Every organization using these new tools has a responsibility to identify the risks and adopt strategies and approaches to mitigate them, but this work need not deter public health organizations from getting started with gen AI uses cases that support their missions.

Consider policy, health equity, and security implications specific to gen AI in public health

Early adopters can look to major stakeholders in the global public health ecosystem for guidance on the responsible use of AI—gen AI in particular. WHO lays out six core principles aimed at protecting autonomy and safety, providing transparency and accountability, and ensuring inclusiveness and equity, among other goals.
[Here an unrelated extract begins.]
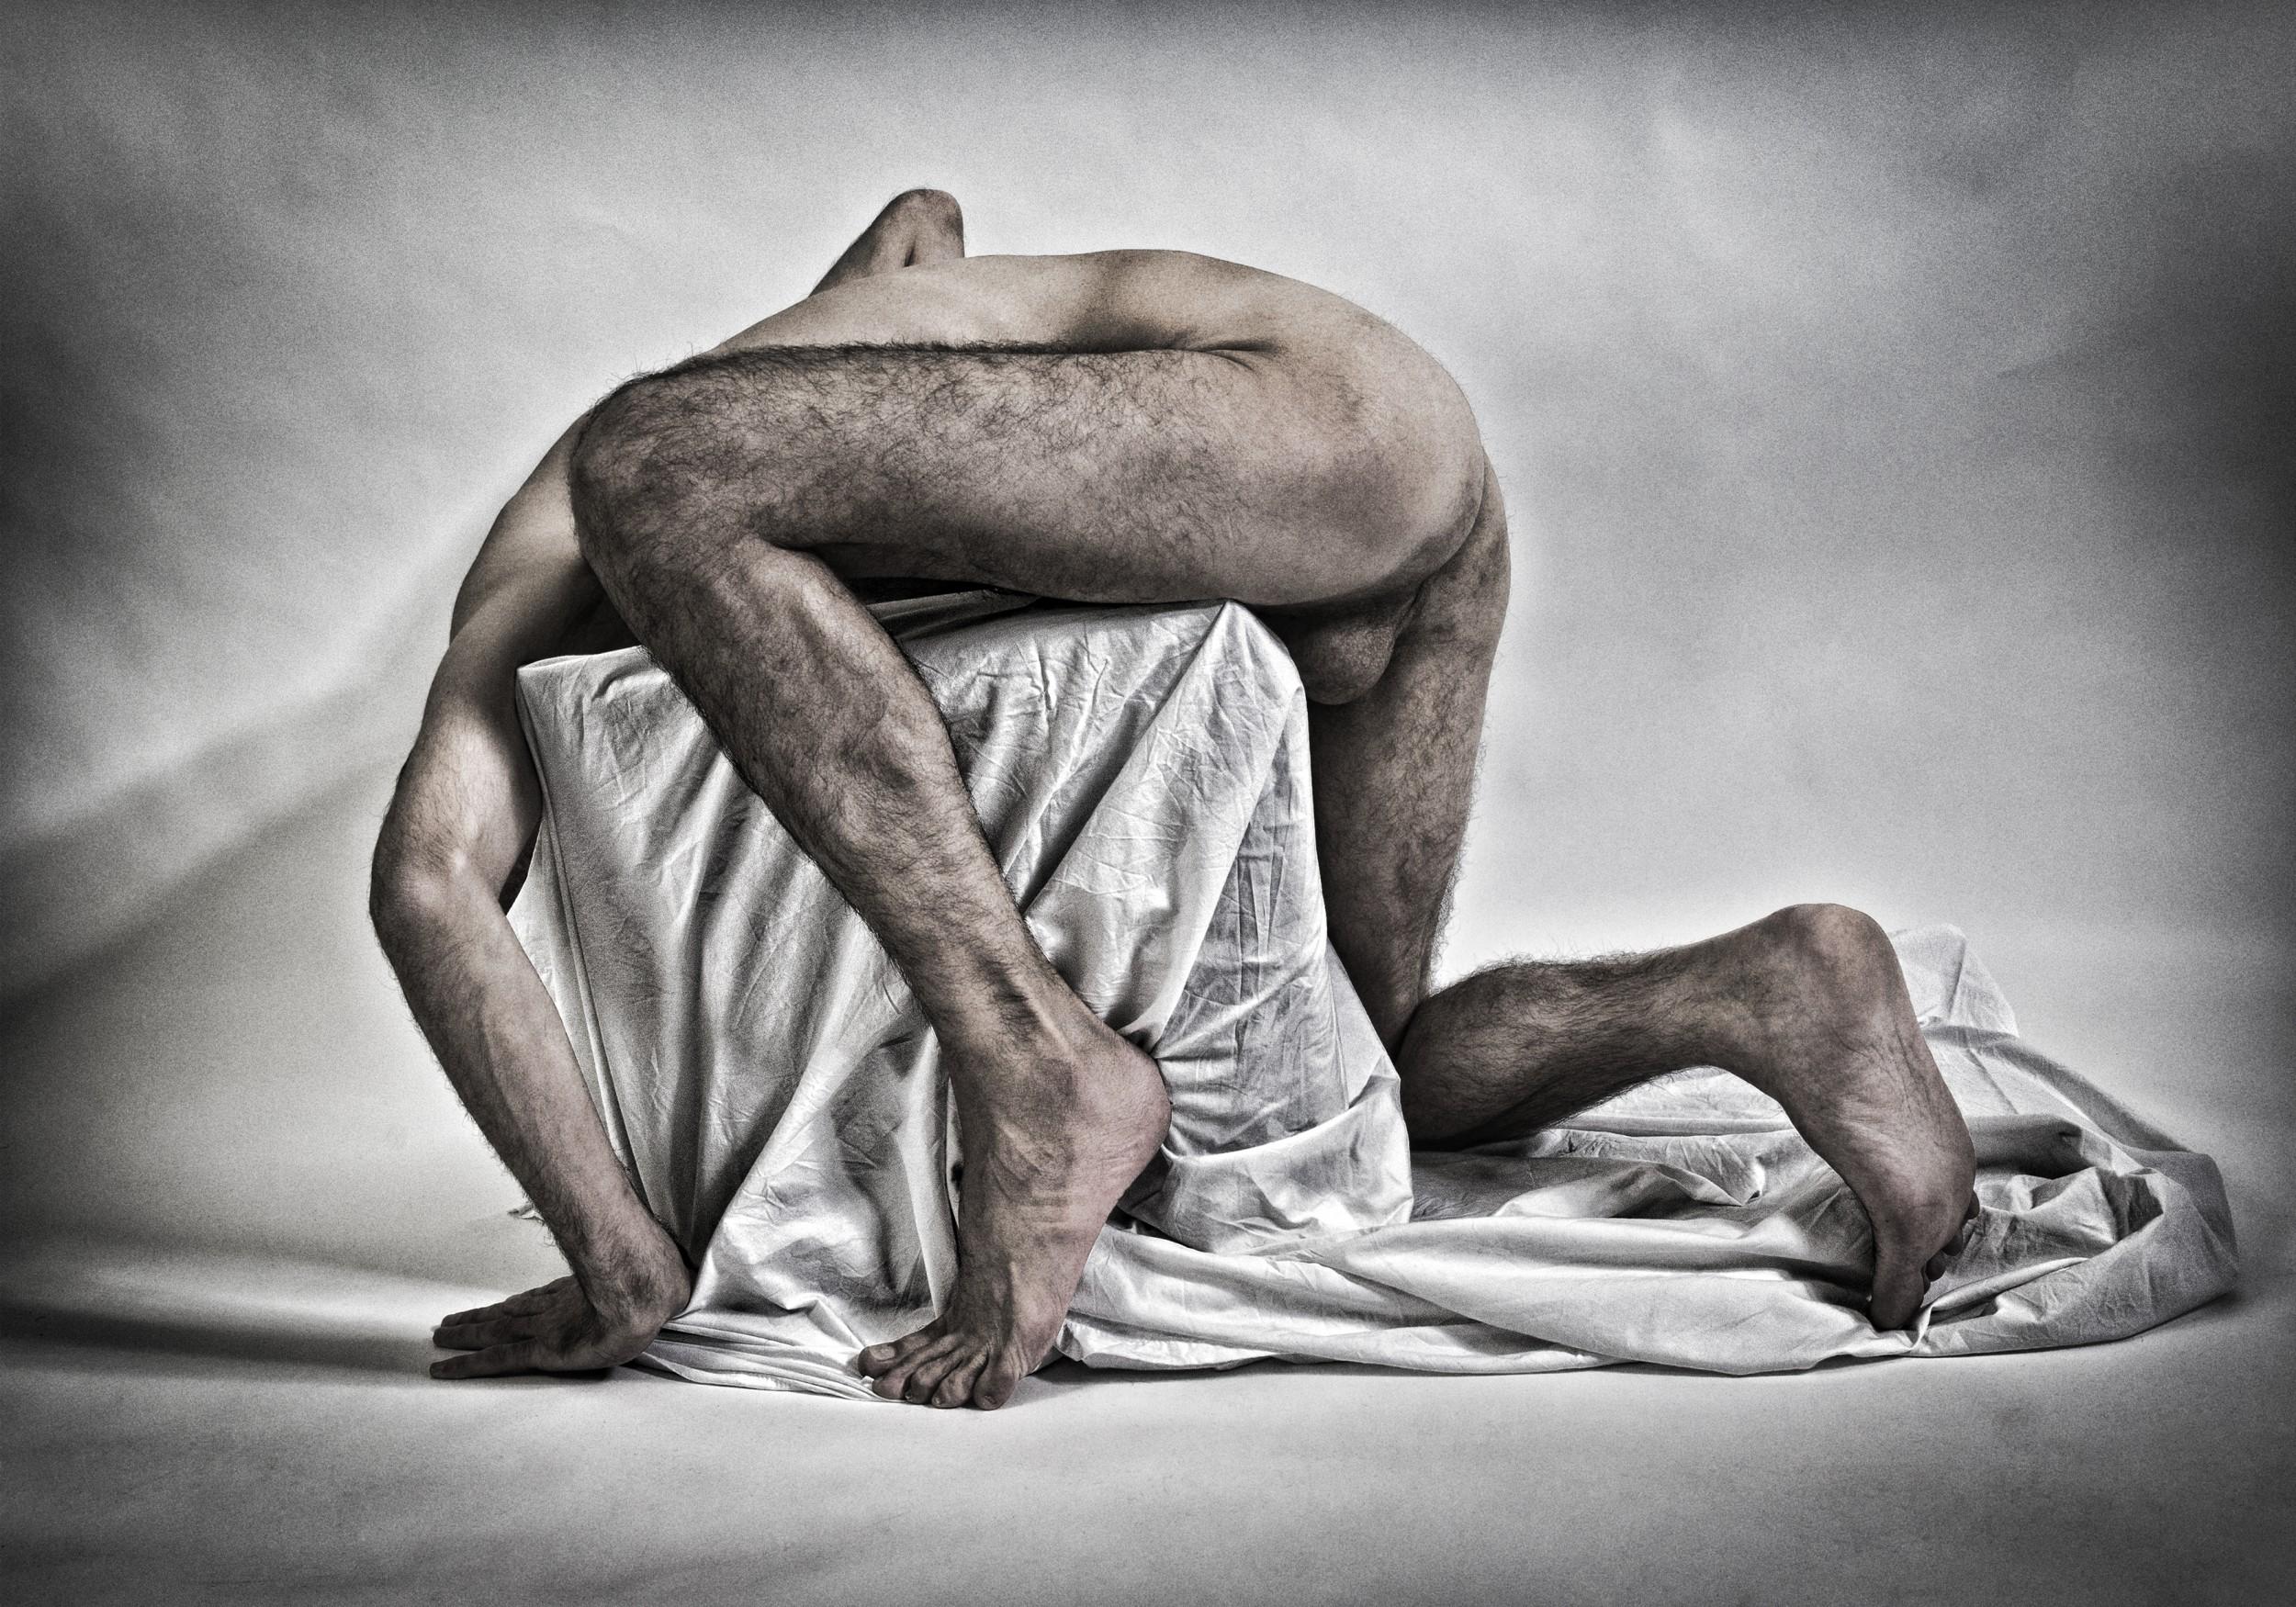 nakedness 9   dimosthenis gallis   artwork celeste network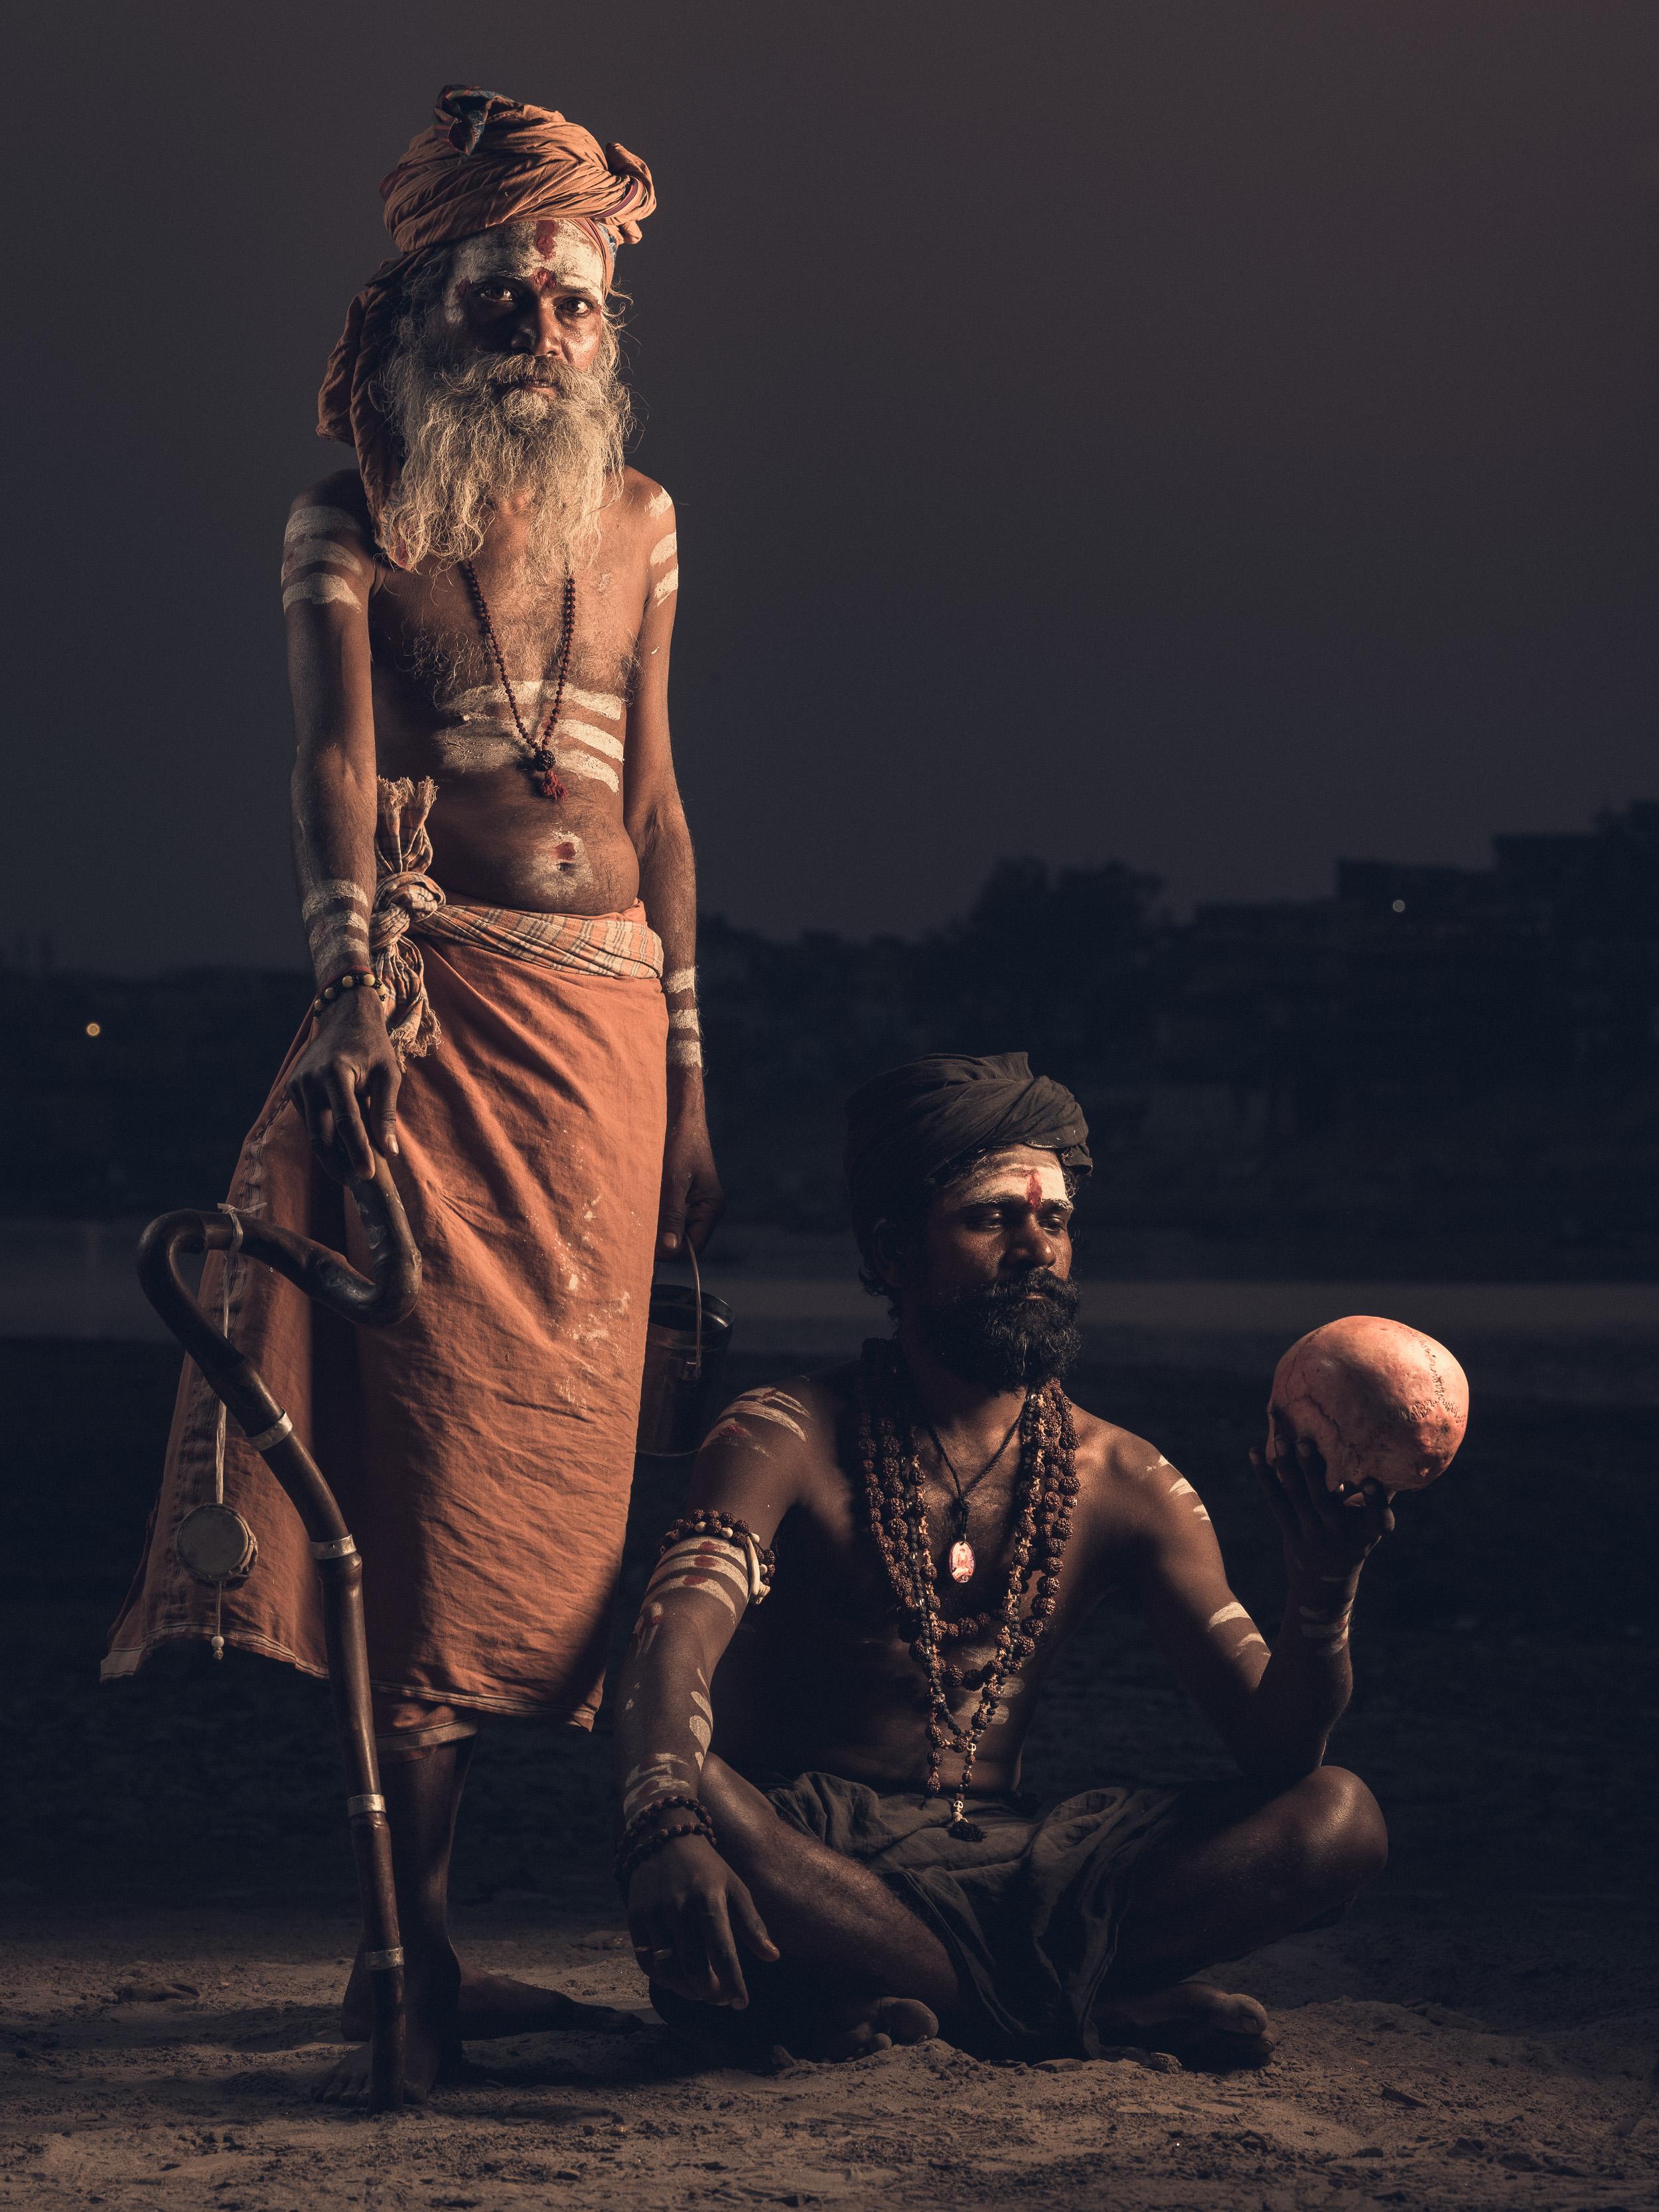 20170304_Varanasi_0026-2.jpg

Artificial intelligence in global health, a report from the Rockefeller Foundation and USAID, similarly emphasizes the importance of privacy, security, and transparency.

In addition, WHO’s recently published paper Regulatory considerations on artificial intelligence for health details several precautions public health organizations can take and outlines actions countries can consider in regulating the use of AI in health. These include externally validating data, documenting the intended use of applications, complying with previously issued guidance, conducting a premarket assurance test of the model’s safety and performance, and doing real-world performance monitoring. This is a quickly evolving, innovative field. Public health organizations can take steps to continually monitor evolving guidance on management of risks from WHO and regional regulations such as the EU AI Act and HHS rules about transparency.

Stakeholders could take steps to address the particular challenges of gen AI adoption—including cultural barriers and infrastructure challenges such as limited broadband and internet access—to help ensure effective and equitable adoption. For example, a recent Nature article proposes grounding a gen AI research agenda in the African context with locally tailored, evidence-based policies.

When defining and training gen AI models, public health organizations could ensure the proper inclusion of underrepresented populations—such as older populations, tribes, or specific vulnerable populations they serve. They could also take into account the specific risks, cultural sensitivities, and local healthcare infrastructure and policies that might affect the health outcomes in any particular use case.

Invest in partnerships

Public health agencies do not have to work on their own to reap the benefits of gen AI. Partners from industry and academia could help design, test, and scale initial gen AI use cases. For example, the UK government announced partnerships with industry partners DeepMind, OpenAI, and Anthropic to support the safe adoption of AI. In the United States, several federal public health–related agencies, such as the National Institutes of Health, participate in coalitions that aim to define guidelines for and health equity implications of health organizations adopting AI.


Gen AI is ushering in an era of boundless possibilities for public health. From optimizing care delivery and better preparing for future threats to accelerating the development of therapeutics for high-burden diseases, gen AI could be a transformative force, enhancing our ability to tackle challenges in global, national, state, and local public health systems. Ultimately, it could lead to improved health outcomes for communities.